International career
- Years: Team / Apps / (Points)
- 1904–07: England / 5 / (0)

= Jumbo Milton =

England international rugby union player

John Griffith "Jumbo" Milton (1 May 1885 – 15 June 1915) was an international rugby union player for England.

Milton, who was born in Cape Colony, was the son of sportsman and politician William Henry Milton, originally an Englishman. After spending his early childhood in Cape Colony, he lived in Mashonaland briefly and was then sent to Bedford in England, to complete his schooling.

He played both cricket and rugby union for Bedford School, the two sports his father had excelled in.

While still a schoolboy, Milton was called into the England team for the 1904 Home Nations Championship, aged just 18. He played in all three Tests, against Wales, Ireland and Scotland.

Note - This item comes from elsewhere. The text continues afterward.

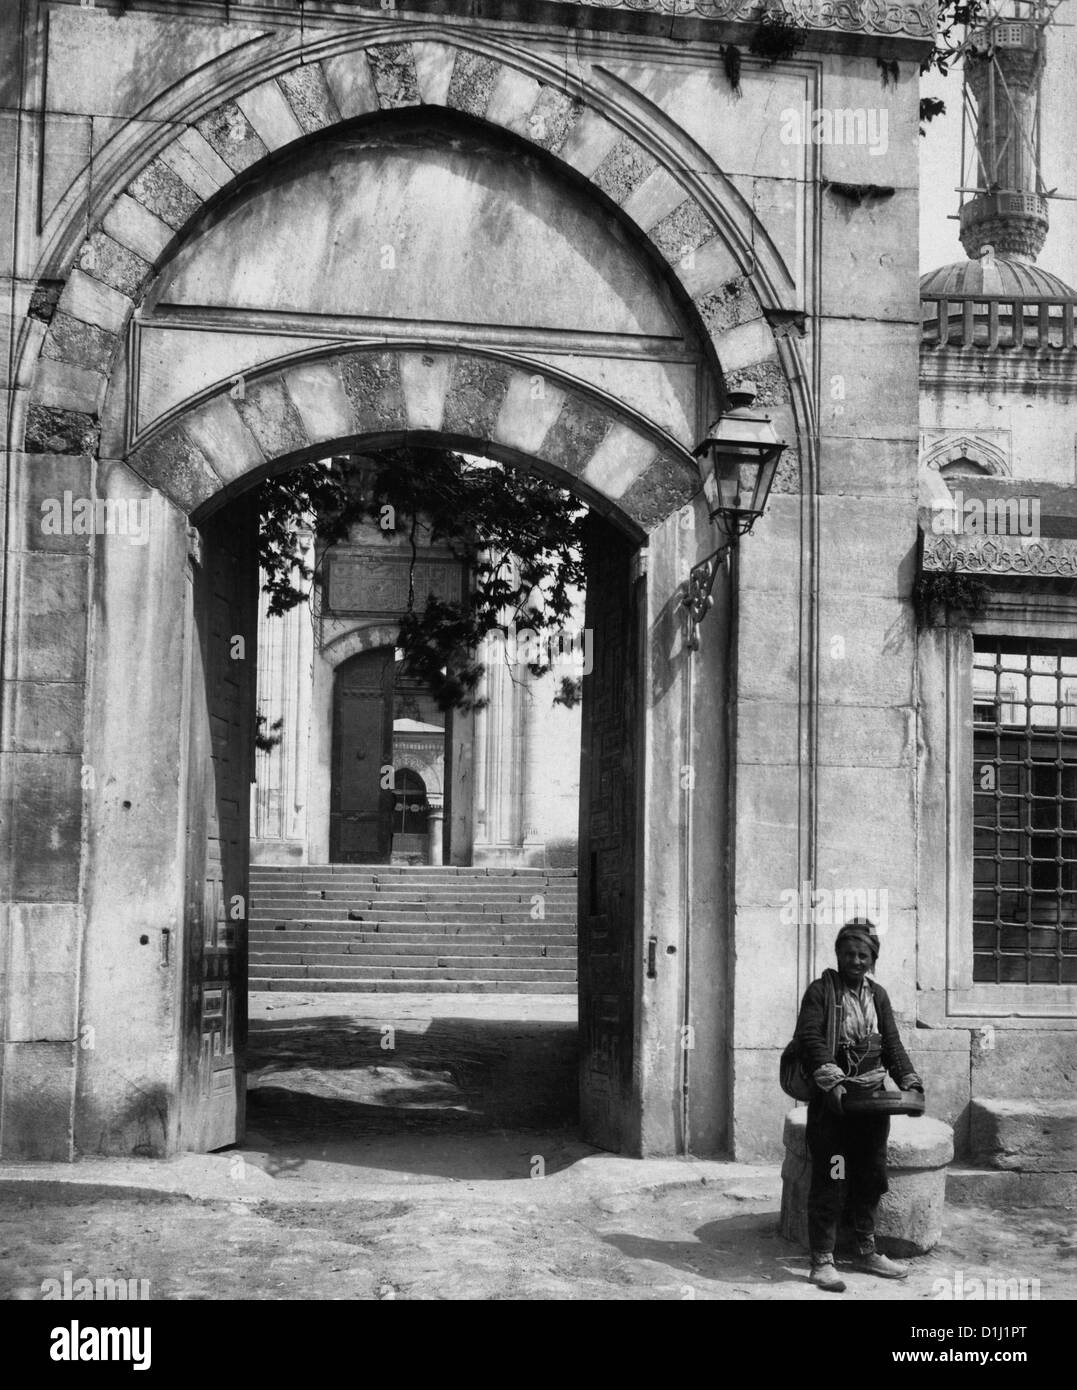 Entrée de la Mosquée Ahmed - homme debout à l'extérieur entrée de Sultanahmet Camii - Istanbul, Turquie, circa 1900 Banque D'Images

Milton made another appearance Home Nations, now representing the Camborne School of Mines, the following year against Scotland. His older brother Cecil was awarded a single cap against Ireland in 1906, in a match that Jumbo did not play in. Jumbo played his fifth and final Test at Dublin in the 1907 series. He also played for invitational tourists the Barbarians during his time in Britain. as well as being capped by Cornwall 18 times he was a member of the County Championship winning side of 1908.

Having returned to South Africa, Milton was selected in PW Sherwell's XI, which played a first-class cricket match against Transvaal in 1913/14. He opened the bowling for his team and from 17 overs finished with 0/78. It was not until his second and final appearance, during the same summer, that he took a first-class wicket. On this occasion he was playing for a Transvaal XI, against the Marylebone Cricket Club. His only wicket was that of England Test batsman Jack Hearne, who missed a century when Milton bowled him for 96.